The difference between fear and anxiety

What's in a name? you may say. In this case quite a bit. There is a long history of thinking about these words. Anxiety and fear are feelings or emotions.

1. There are people who believe that giving different meanings to fear and anxiety is hair-splitting, and that it's better to agree that they broadly mean the same thing - whilst respecting others who don't see it that way.
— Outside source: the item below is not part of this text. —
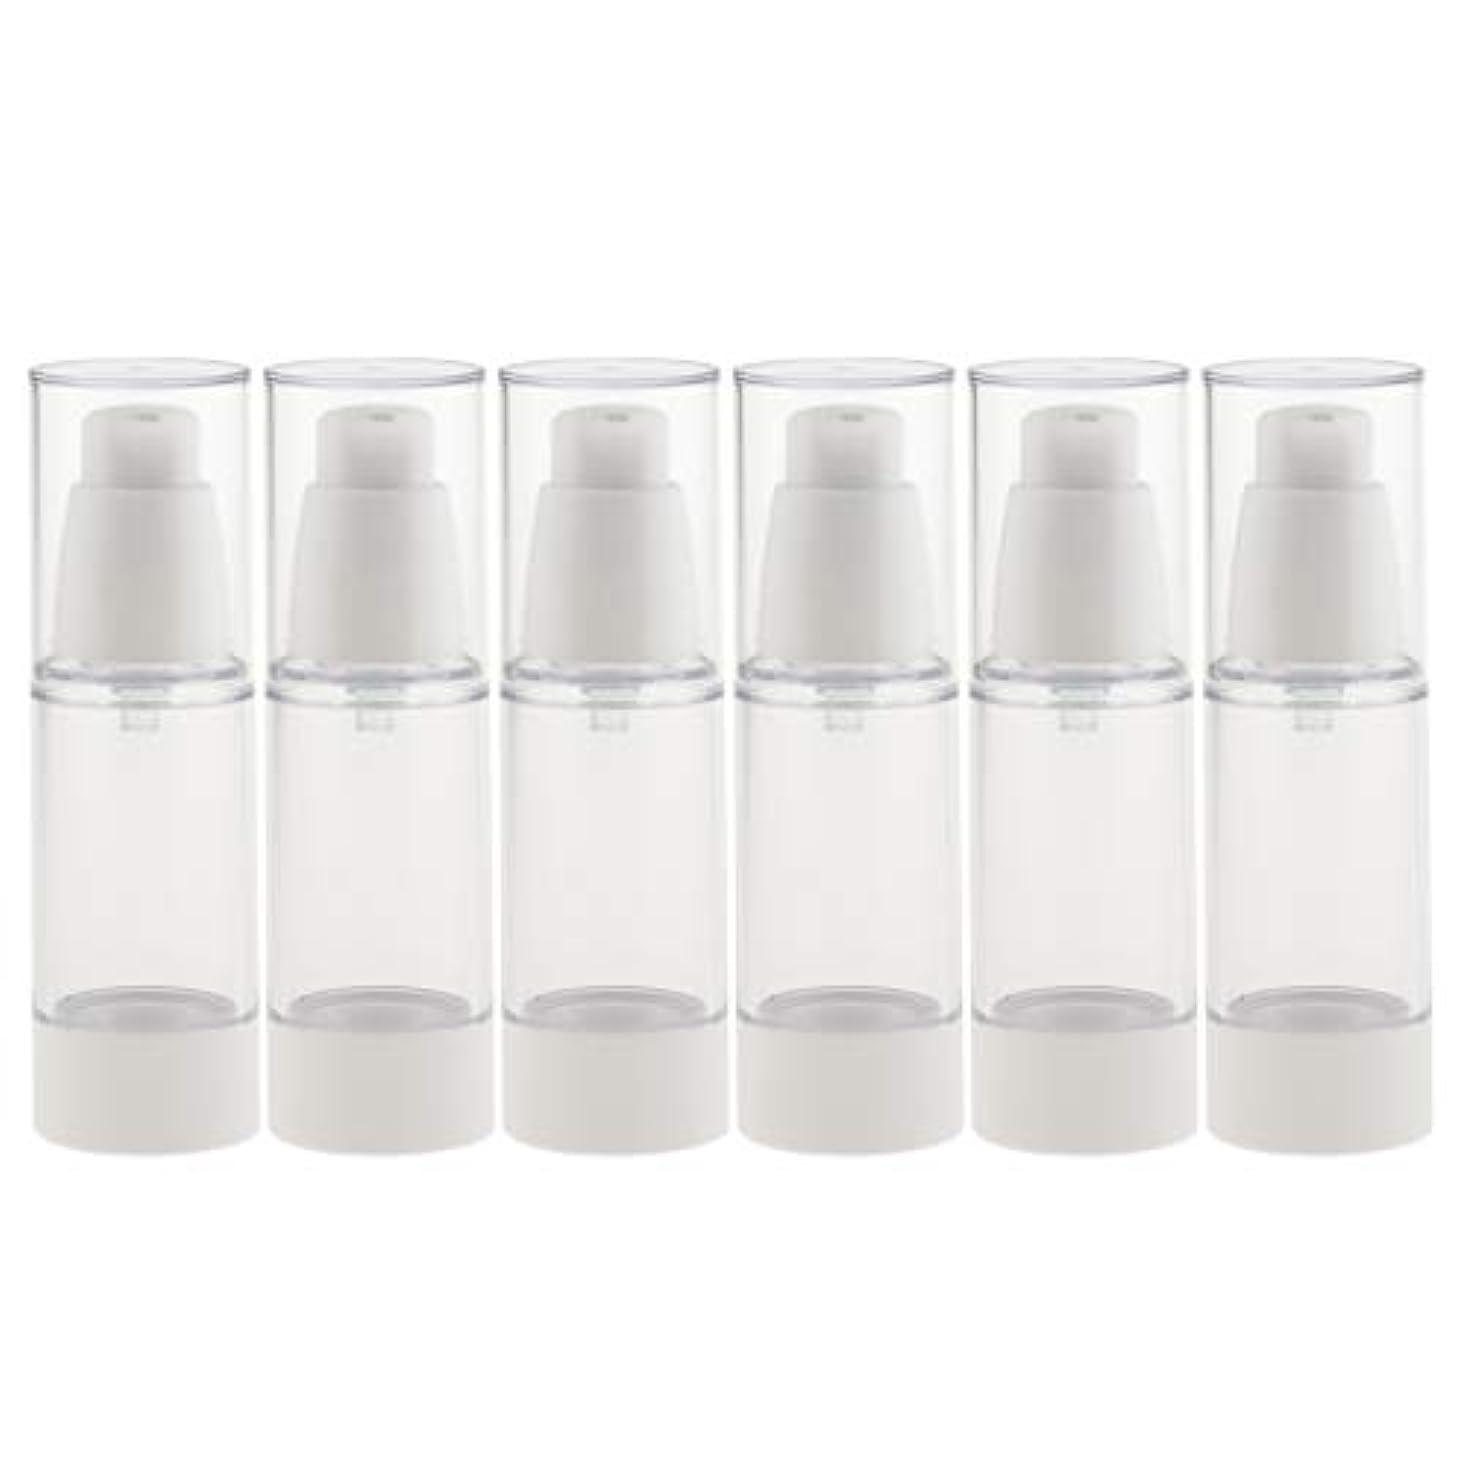 破壊的な選択環境に優しい6個 真空スプレーボトル ミストボトル 真空ボトル コスメ 化粧品 2サイズ選べ - 30ミリリットル

There are a number of other words with different nuances, similar to anxiety and fear, such as worry, concern, panic, dread, angst, and phobia, which to some just reinforces the idea of one big range of emotions, amongst which it is difficult to choose which words to prefer.

2. Two differences which I'll mention but not pursue are the idea that there is a time dimension, with fear being more short-lived and present-focused, whereas anxiety is more long-lasting and focused on the future; and the originally psychoanalytic idea that fear would have to be consciously experienced, whereas anxiety is likely to have more diffuse and probably unconscious roots, so that anxiety would influence our actions, and make us avoid things or people, without even being aware of it.
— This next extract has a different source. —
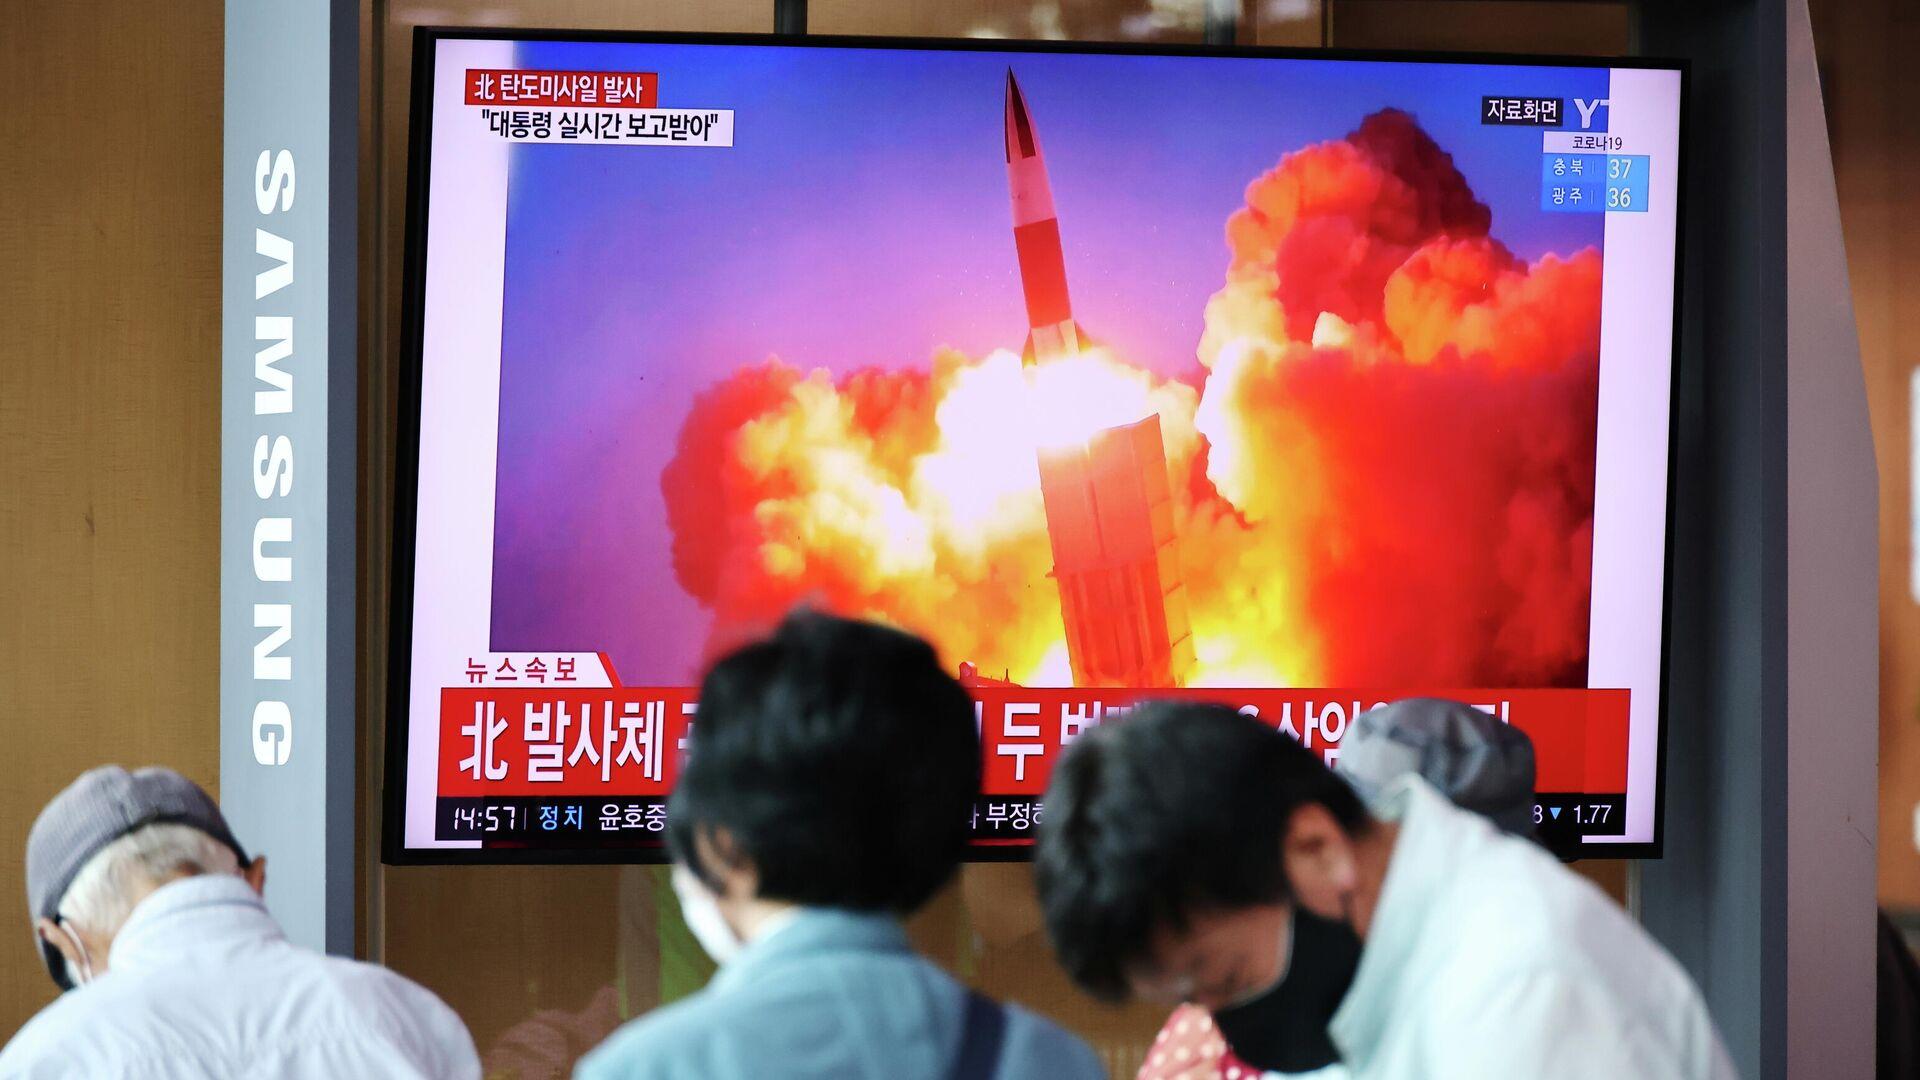 Трансляция кадров запуска северо-корейской баллистической ракеты в Сеуле - РИА Новости, 1920, 15.09.2021

3. I will write a bit longer about what is at the moment a widely held psychological view about differentiating anxiety and fear that is widely used by many psychotherapists, and has some backing in physiology and neuroscience.

The main distinction: fear

Fear is an emotion induced by a specific perceived threat of some kind of danger or harm in the present, characterised by strong arousal and action tendencies, usually held to include fight, flight, and in extreme cases a freeze or paralysis response. The response may also be described as a panic response.

The main distinction: anxiety

Anxiety is an emotion, or a broader and longer-term state including emotion, related to a situation that is perceived as uncontrollable, unavoidable, unpredictable, and usually about the future, which may be about something that is only potentially and not currently aversive and that might not even be real. Its corresponding action tendency is interruption of the current behaviour and refocusing of attention on the possible sources of the future threat.

The makers of this distinction usually believe that anxiety and fear so described are using different brain systems and involve different sets of neurochemistry, neurotransmitters and hormones. Anxiety would mobilize the sympathetic branch of the autonomic nervous system, fear the parasympathetic branch. Despite these distinctions, it is clear that anxiety and fear are not completely independent of each other, but interact in complicated ways.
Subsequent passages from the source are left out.